The assessee, a construction company constructed 24 flats in two buildings and entered into agreement with ‘G’, according to which flats were sold through ‘G’ on an agreed commission. A raid was conducted in the premises of ‘G’ in which a note book was found, where in the column for cost of flats some figures were mentioned in respect of assessee’s apartments. The Assessing Officer taking view that the figures indicated the sale price of flats of assessee’s apartments, recomputed the income u/s. 44AD by calculating sale proceeds as per the seized document. Commissioner (Appeals) held that since gross receipts including those not accounted for exceeded Rs. 40 lakh, section 44AD was not applicable. On cross appeals before the Tribunal, the appeal of the assessee was allowed that no addition was required.

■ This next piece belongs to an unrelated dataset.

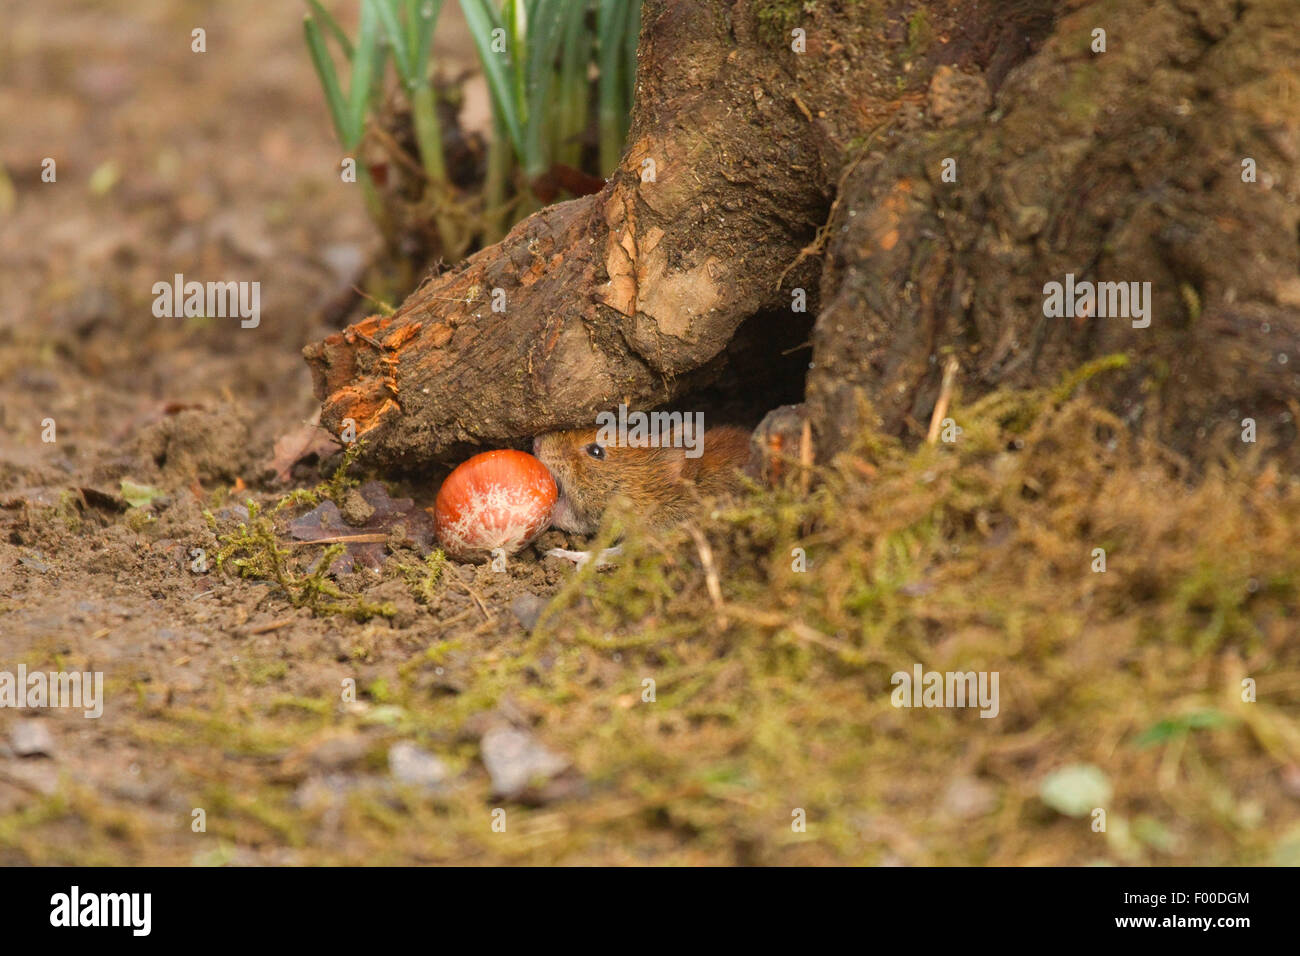 Rötelmaus (Clethrionomys Glareolus, Myodes Glareolus), Maus versucht zu holen in einer Haselnuss in ein Mauseloch, Astloch im Erdgeschoss, Deutschland, Nordrhein-Westfalen Stockfoto

On appeal by the Revenue, the Madhya Pradesh High Court upheld the decision of the Tribunal and held as under:
“i) On perusing the orders of the Assessing Officer, Income-Tax Commissioner, the ITAT it is agreed that the arguments advanced on behalf of assessee that no prima facie evidence of passing any money from ‘G’ to assessee was proved and for the papers seized from any other place i.e. ‘G’ assessee cannot be held liable, so, the tribunal has committed no error.
ii) On perusing the material in the matter it is found that there was no evidence in the matter that the excess amount, if any, was collected by ‘G’ or even if it was collected then it was passed on to the assessee. There was no search, survey or seizure of the premises of the assessee. Apart from this, the department had not examined any purchaser or flat owner to verify the correctness of the aforesaid noting that some higher amount was paid by the said purchaser to ‘G’ or the fact that actual price was much higher to the price which was recorded in the account books.
iii) The Tribunal has also found that if any amount was collected in excess to the agreed price then ‘G’ could have been liable for that and not the assessee. It is found that reasoning of the Tribunal to be reasonable. Though there may be some doubt about the price of the flats but until and unless it could have been proved by some evidence, aforesaid doubt cannot take place of proof. Until and unless such noting is corroborated by some material evidence, the Assessing Officer erred in making addition in the income.
iv) So far as the applicability of section 44AD is concerned, when the assessee had maintained accounts books, vouchers and other documents as required u/s/s. (2) of section 44AA and got them audited and furnished it along with audit report then such benefit should have been extended to the assessee. In the present case audited accounts books were maintained and there was no question of disbelieving them in absence of any cogent evidence.
v) The order passed by the Tribunal is based on proper appreciation of facts and there is no error in the order. In view of the aforesaid discussion, no merit and substance is found in the appeal and is, accordingly dismissed.”